Sometimes Bernie Sanders’ campaign feels more like a policy seminar than a fevered race for the presidency, but that unusual quality may be one of the candidate’s surprising strengths.

Anger is the emotion the mainstream media affixes to the Vermont senator and his followers, and that rage is supposedly the main force driving his supporters this year. Anger also, the political journalists say, is what lies behind Donald Trump’s loudmouth campaign for the Republican presidential nomination — not the billionaire’s own anger, which is an act, but the fury of his followers.

It makes for a neat, simplistic story, but not the one I encountered when I went to a rally of Sanders volunteers in the Laemmle Theatre in Beverly Hills, Calif., on Saturday afternoon. Rather, the crowd, which filled the movie house, listened quietly, appearing thoughtful and interested as speakers told them in considerable detail about topics including health insurance, fracking, campaign finance reform and the Trans-Pacific Partnership trade deal.

For the most part, they were middle-aged or older and dressed casually. Most of them did not look as though they had just shopped at one of the luxury shops a couple of miles north on Rodeo Drive.

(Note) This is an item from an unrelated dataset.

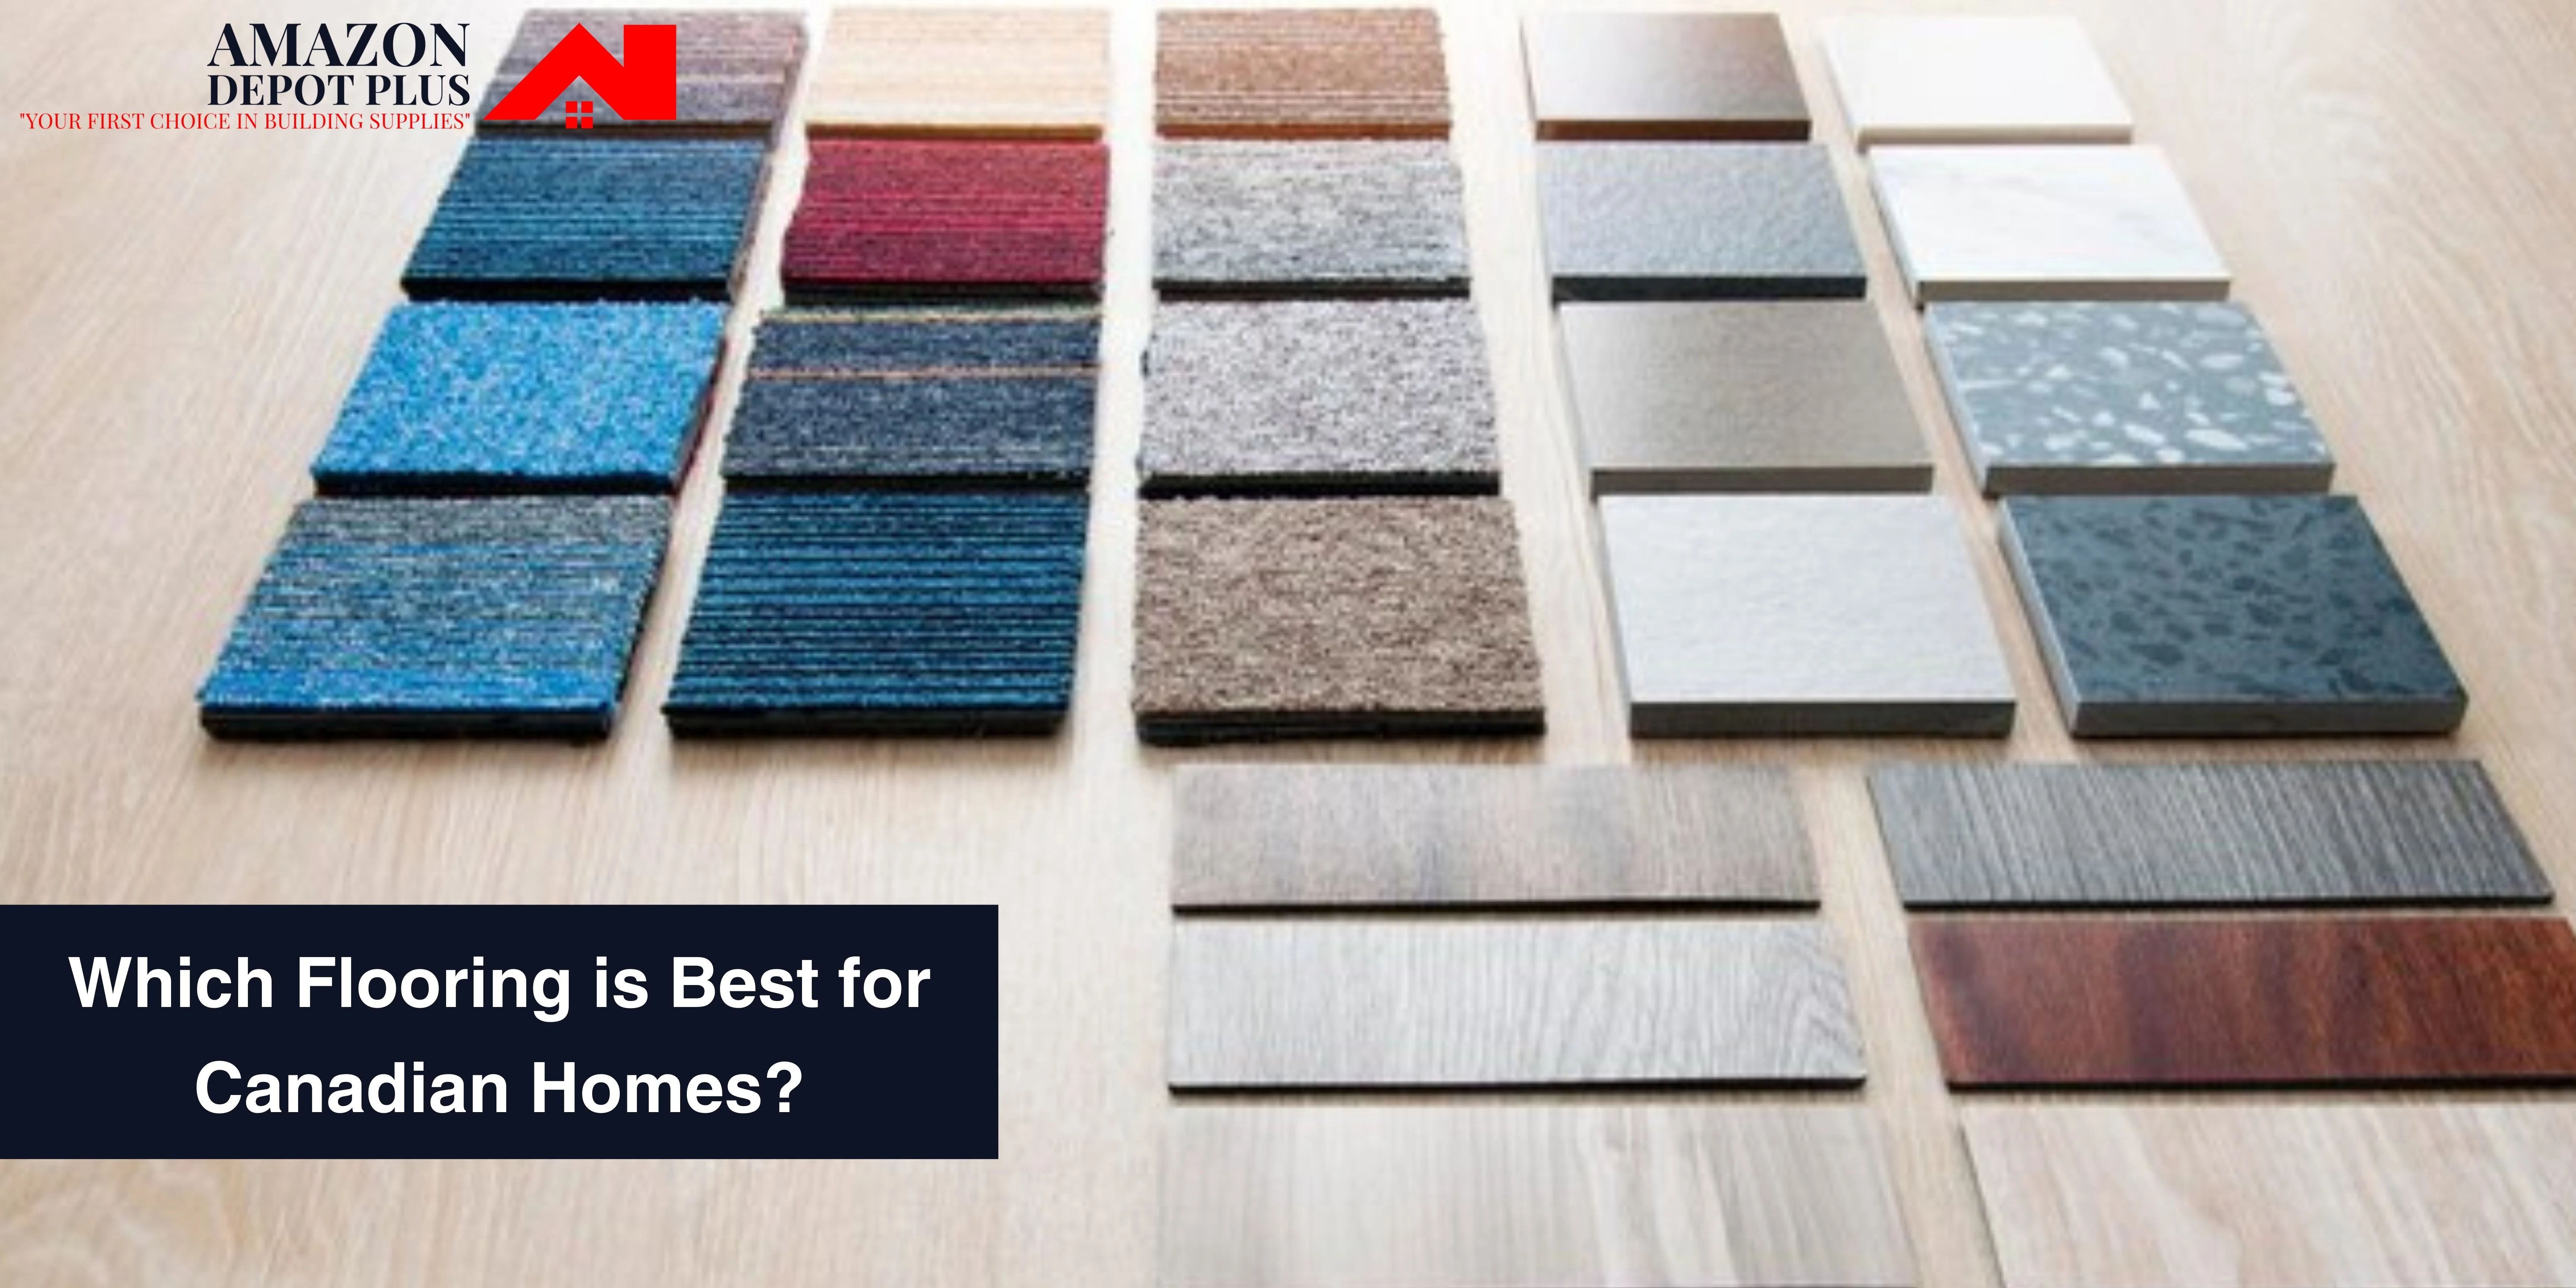 Which Flooring is Best for Canadian Homes?

The session began with an effort to round up volunteers to make phone calls to prospective voters, particularly in Iowa, where Sanders trails Hillary Clinton by 7 points in RealClearPolitics’ average of polls, and in New Hampshire, where Sanders is ahead by 13. The Iowa caucuses will be held Feb. 1 and the New Hampshire primary will be on Feb. 9. To have a real chance at securing his party’s nomination, Sanders needs to do well in both contests so that the media and the public will begin to see him as the front-runner.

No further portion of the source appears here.